Fredrik Lundh
1/9/2008 11:34:00 AM
Andrew Savige wrote:
> Here's my first attempt:
>
> names = "freddy fred bill jock kevin andrew kevin kevin jock"
> freq = {}
> for name in names.split():
> freq[name] = 1 + freq.get(name, 0)
> deco = zip([-x for x in freq.values()], freq.keys())
> deco.sort()
> for v, k in deco:
> print "%-10s: %d" % (k, -v)
>
> I'm interested to learn how more experienced Python folks would solve
> this little problem. Though I've read about the DSU Python sorting idiom,
> I'm not sure I've strictly applied it above ... and the -x hack above to
> achieve a descending sort feels a bit odd to me, though I couldn't think
> of a better way to do it.
sort takes a reverse flag in recent versions, so you can do a reverse
sort as:
deco.sort(reverse=True)
in older versions, just do:
deco.sort()
deco.reverse() # this is fast!
also note that recent versions also provide a "sorted" function that
returns the sorted list, and both "sort" and "sorted" now allow you to
pass in a "key" function that's used to generate a sort key for each
item. taking that into account, you can simply write:
# sort items on descending count
deco = sorted(freq.items(), key=lambda x: -x[1])

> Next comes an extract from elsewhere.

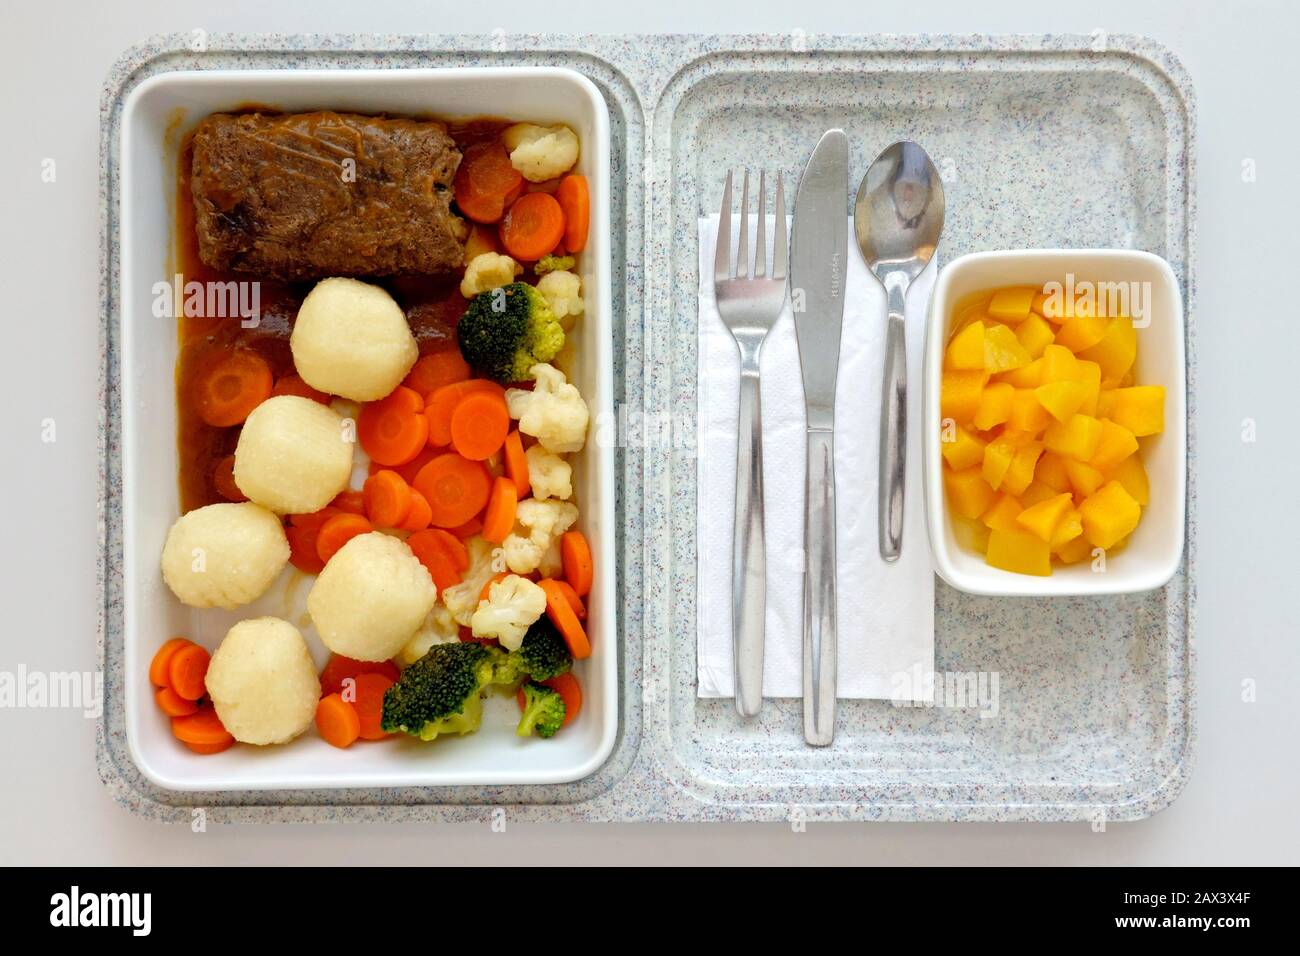 Repas prêt, déjeuner déficient à l'hôpital, roulette de bœuf, sauce, boulettes de pommes de terre, légumes colorés, compote d'abricot, Allemagne Banque D'Images

simplifying the print statement is left as an exercise.
> I also have a few specific questions. Instead of:
>
> for name in names.split():
> freq[name] = 1 + freq.get(name, 0)
>
> I might try:
>
> for name in names.split():
> try:
> freq[name] += 1
> except KeyError:
> freq[name] = 1
>
> Which is preferred?
for simple scripts and small datasets, always the former.
for performance-critical production code, it depends on how often you
expect "name" to be present in the dictionary (setting up a try/except
is cheap, but raising and catching one is relatively costly).
> Ditto for:
>
> deco = zip([-x for x in freq.values()], freq.keys())
>
> versus:
>
> deco = zip(map(operator.neg, freq.values()), freq.keys())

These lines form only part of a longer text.